The processing units could be of three kinds I think (but forgot to mention): They could be programmed to be sources, transformers, or sinks. Sources and sinks would be I/O elements, data-generators, or interfaces to persistent storage, transformers map nicely to ("clustered", or better said "sequenced and glued together") functions, or given they would have access to (private, "virtually local") scratchpad memory also to co-routines (which would be the place where the effects happen; which is of course synonymous to state manipulation). For more efficiency and programmer flexibility they could include FPGA hardware and make the implementation of their specific functions a matter of "changing the code".

We have plenty of transistor this days. We could really start trying to overcome the PDP…

The hardware actually isn't the problem. It's (as always!) the software, and of course the compilers.
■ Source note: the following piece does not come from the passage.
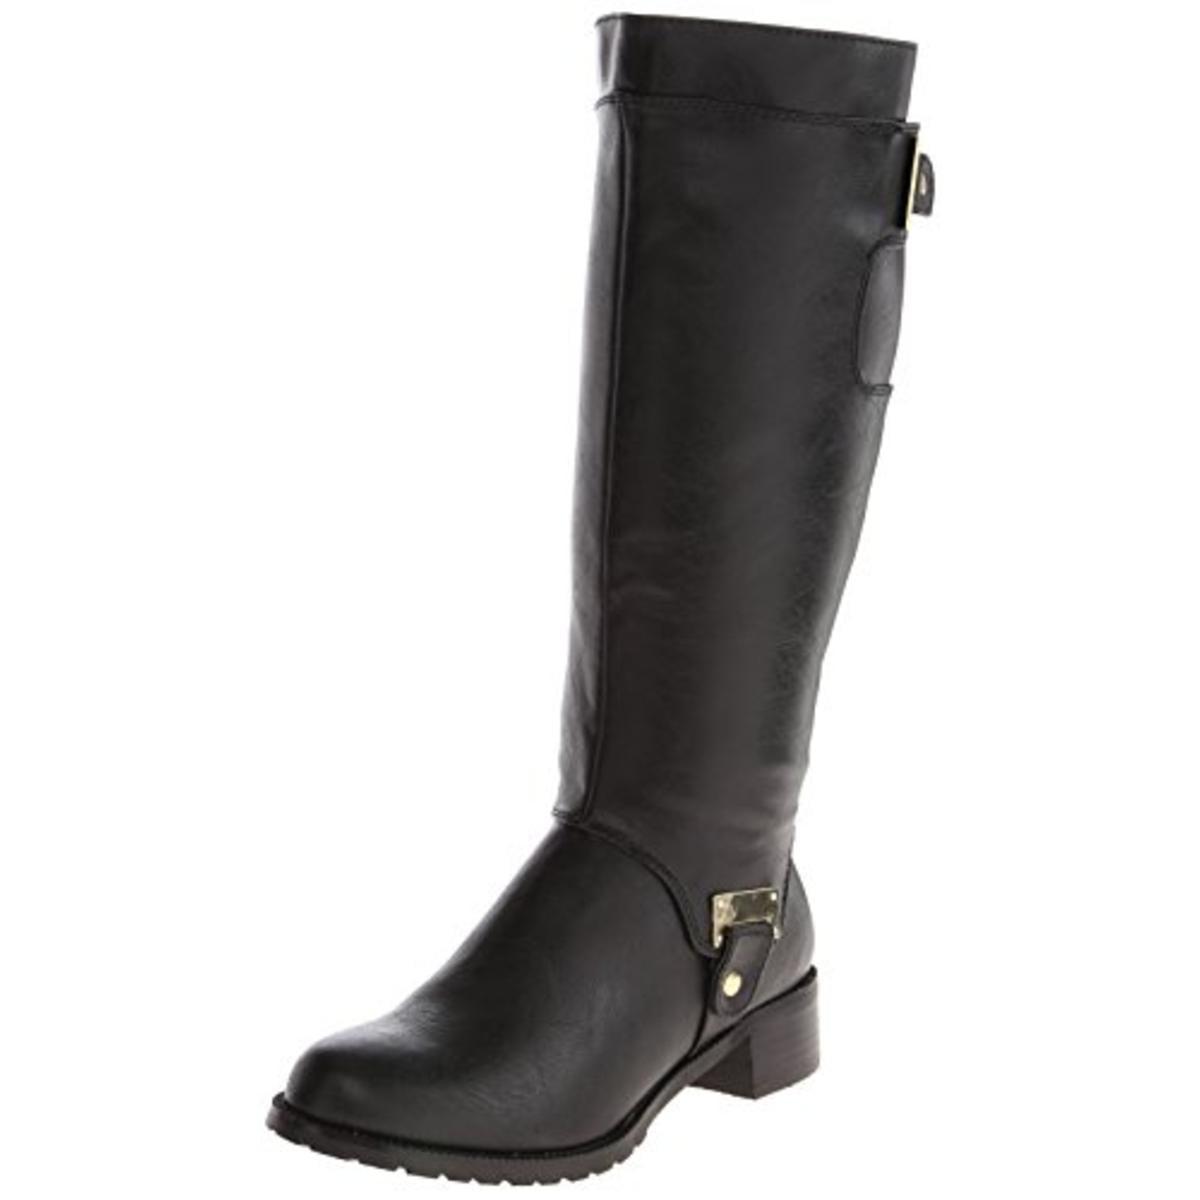 Bella Vita Womens Anya II Plus Wide Calf Faux Leather Riding Boots by Bella Vita

That said, it's clear to me you still need a "language to talk to the hardware". But it would be more declarative than the current imperative "machine code", I guess. Designing such a language and it's abstract machine (a truly new kind of ISA and ASM) is the challenge here. Synthesizing the appropriate hardware form that in a next step wouldn't be too complicated I think.

Happy to hear some opinions on those ideas!

I know they're unusual at least (so much to criticize); but isn't "reinventing the computer" the topic of the original submission actually? :-)

bear8642 · on Aug 15, 2022

> data-flow language

Forgive me if misunderstand, but could you not use an array oriented language such as APL, J or K? Whilst they probably don't quite mesh with explicitly controlling the data flow, but don't they and other declarative languages allow the computer to optimise the best path to maximize computational throughput?

still_grokking · on Aug 18, 2022

Indeed something APL-like would make a good "assembler" kind of language for such an architecture!

APLs are much more data oriented and much less control-flow heavy. Also they don't use the notion of LOAD / STORE of mutable memory cells as a basic language feature (like all the imperative "C-like" languages, that therefore need a "C-Machine" to be executed efficiently).

So yes, APLs would be a good start to develop the machine language for such a machine that I have in mind. (Only that I have some more ideas about it, that go quite beyond that; like making "sending request to your environment / a 'machine'", which is synonymous to having effects, a language level thing).

AnimalMuppet · on Aug 15, 2022

> But that would be in fact trivially simple: Just rewrite the world in some new kind of data-flow language (which needs to get invented first, of course).

I hope that was sarcasm. But if not: No, rewriting the world is not trivially simple. Not remotely.

still_grokking · on Aug 15, 2022

I see, nothing is obvious on the interwebs! :-D

The "rewrite the world" part is actually where such ideas obviously fall apart (as I said also in the sibling replies)…

So I'm very well aware of that "minor issue" regarding my idea.

AnimalMuppet · on Aug 15, 2022

I thought that was a bit over the top to be actually serious.